- [REQUIRED ACTION]: Below are entries; repeat exactly, and nothing else, the lines from the one holding "Logo PowerEnergetic negro" through the one holding "McDonald's All American", inclusive. Leave the pictures out.

BEGIN RECORDS TO PROCESS

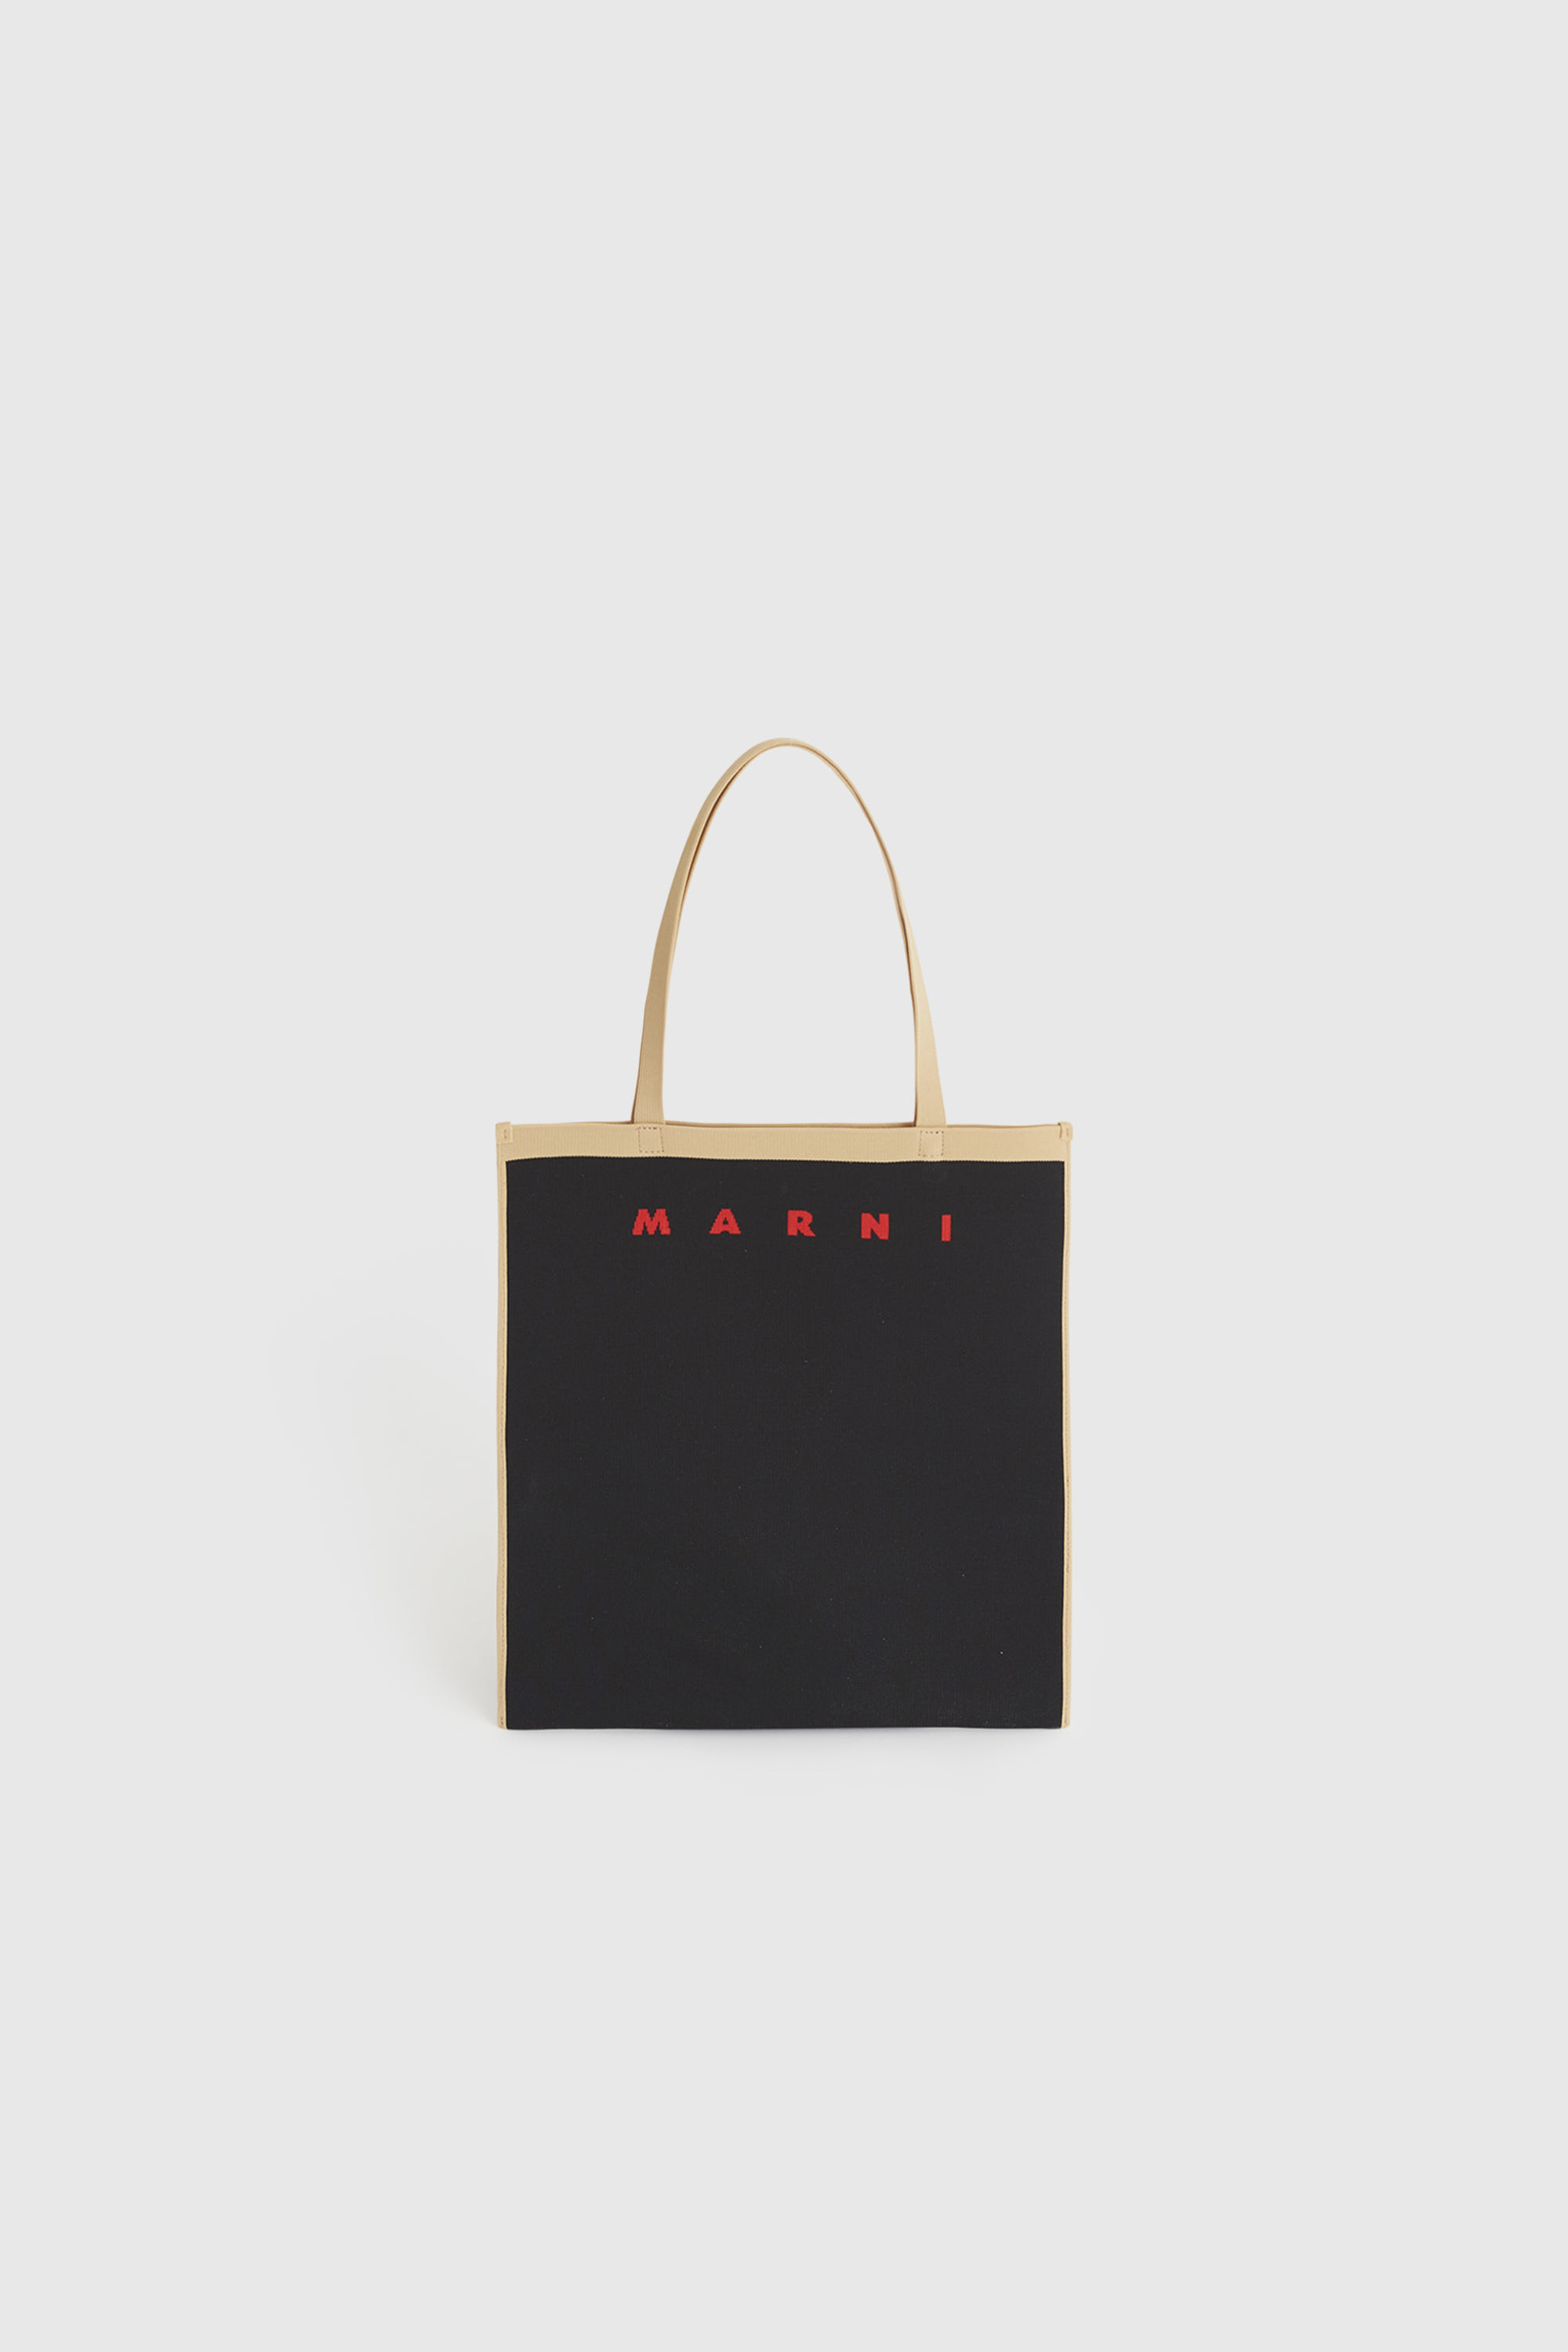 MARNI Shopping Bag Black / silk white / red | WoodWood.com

END RECORDS TO PROCESS
BEGIN RECORDS TO PROCESS

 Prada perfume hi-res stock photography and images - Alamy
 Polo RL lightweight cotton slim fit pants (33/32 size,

END RECORDS TO PROCESS
BEGIN RECORDS TO PROCESS

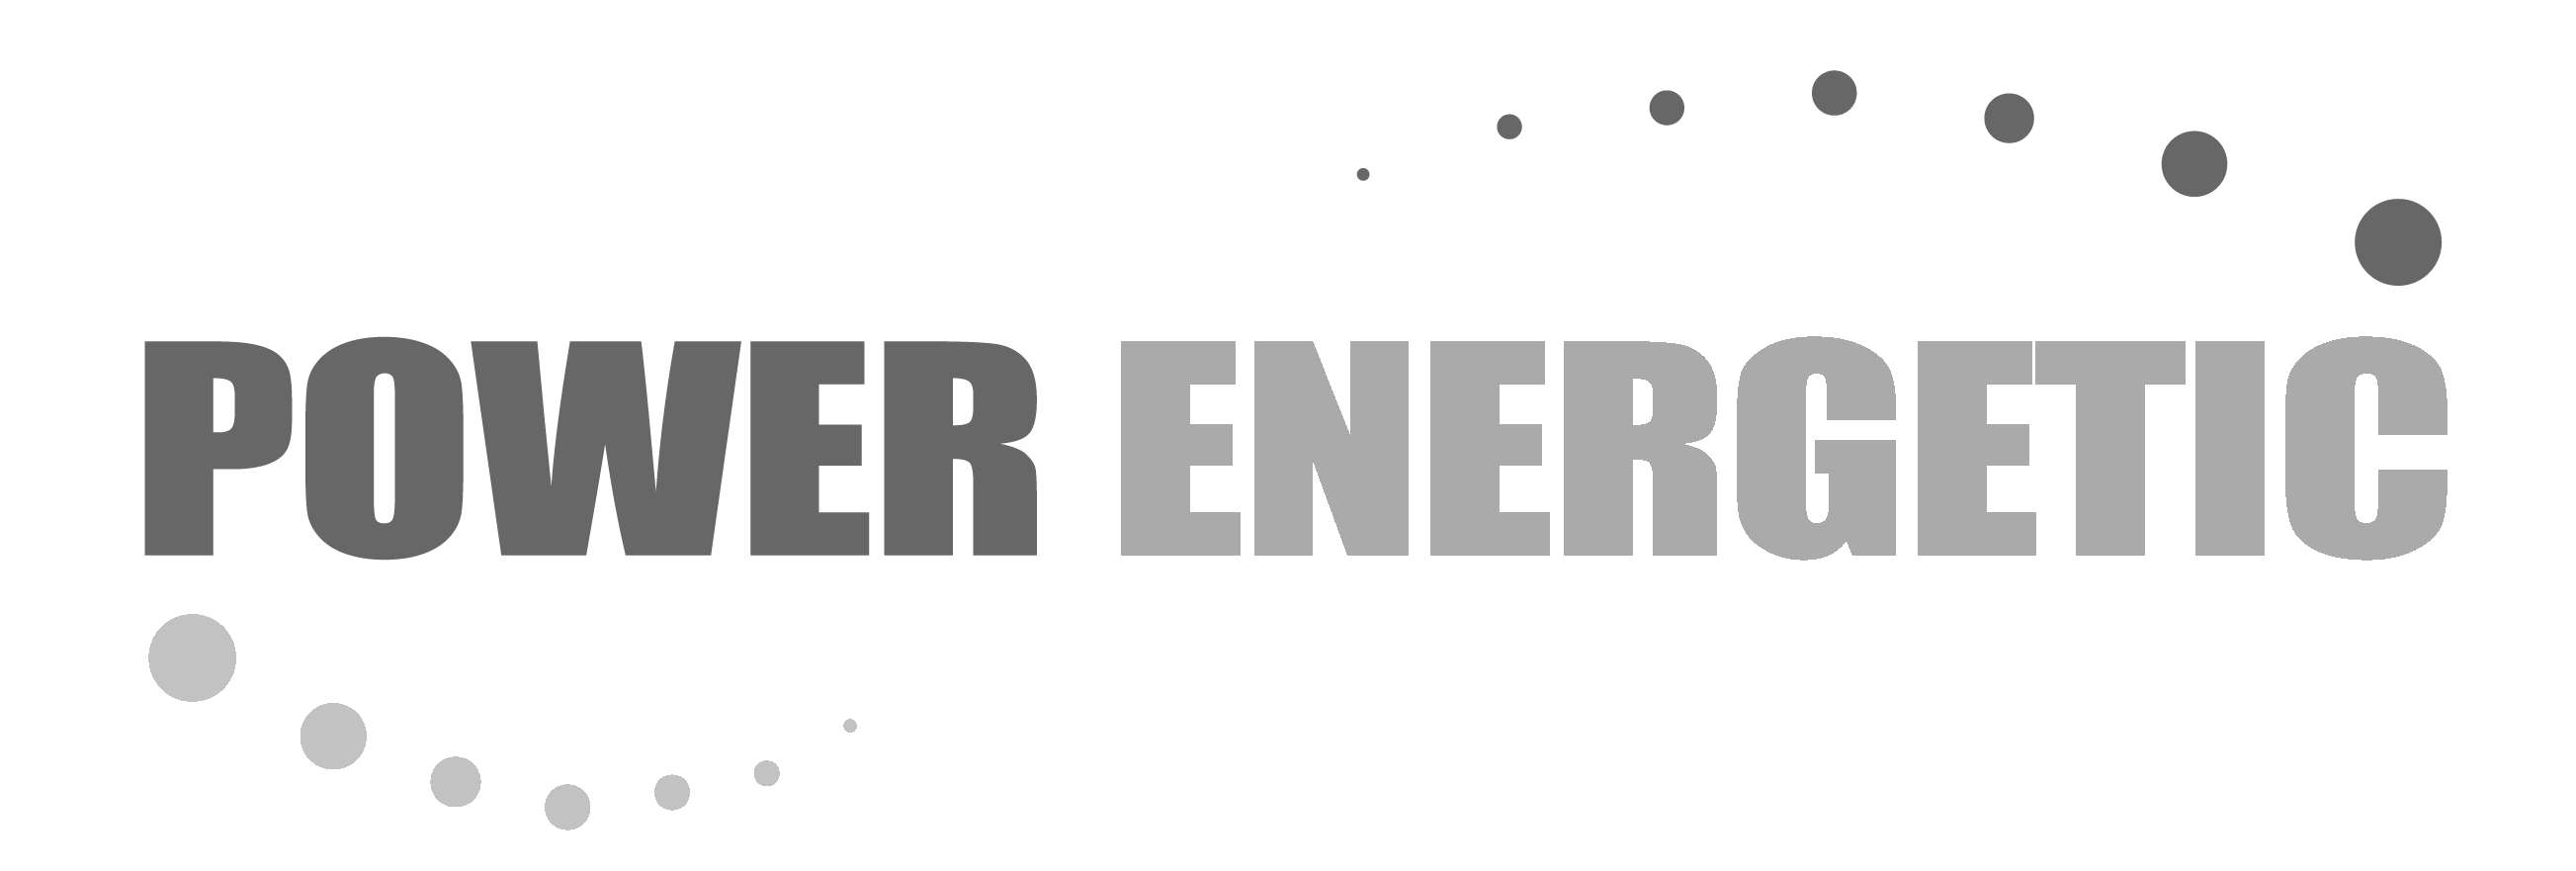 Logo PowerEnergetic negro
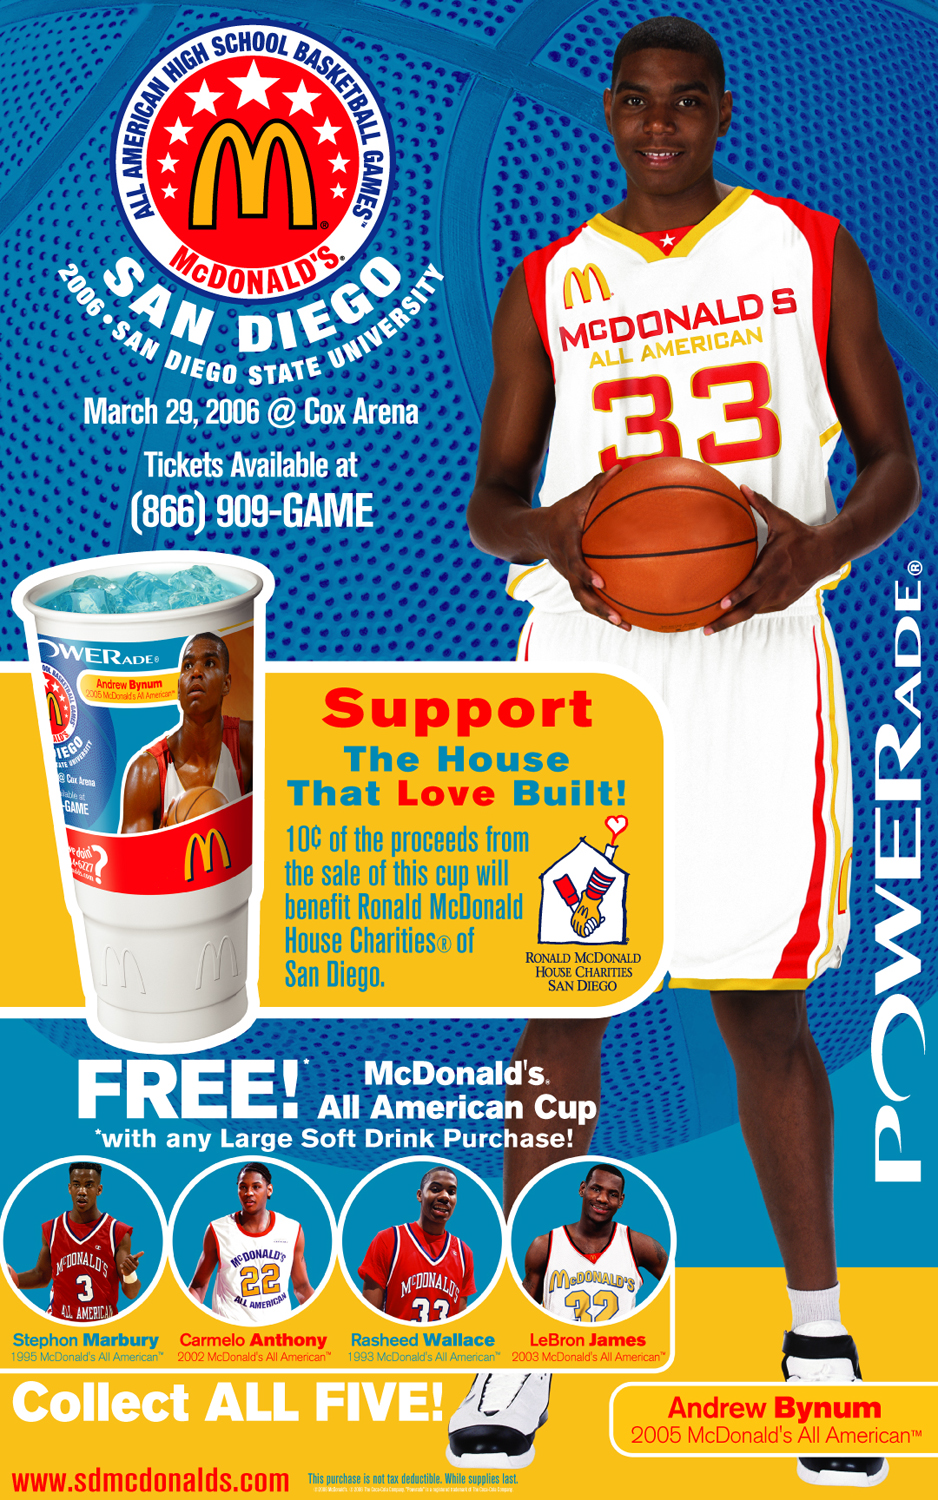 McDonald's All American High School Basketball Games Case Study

END RECORDS TO PROCESS

- [EXERCISE ANSWER]:
 Logo PowerEnergetic negro
 McDonald's All American High School Basketball Games Case Study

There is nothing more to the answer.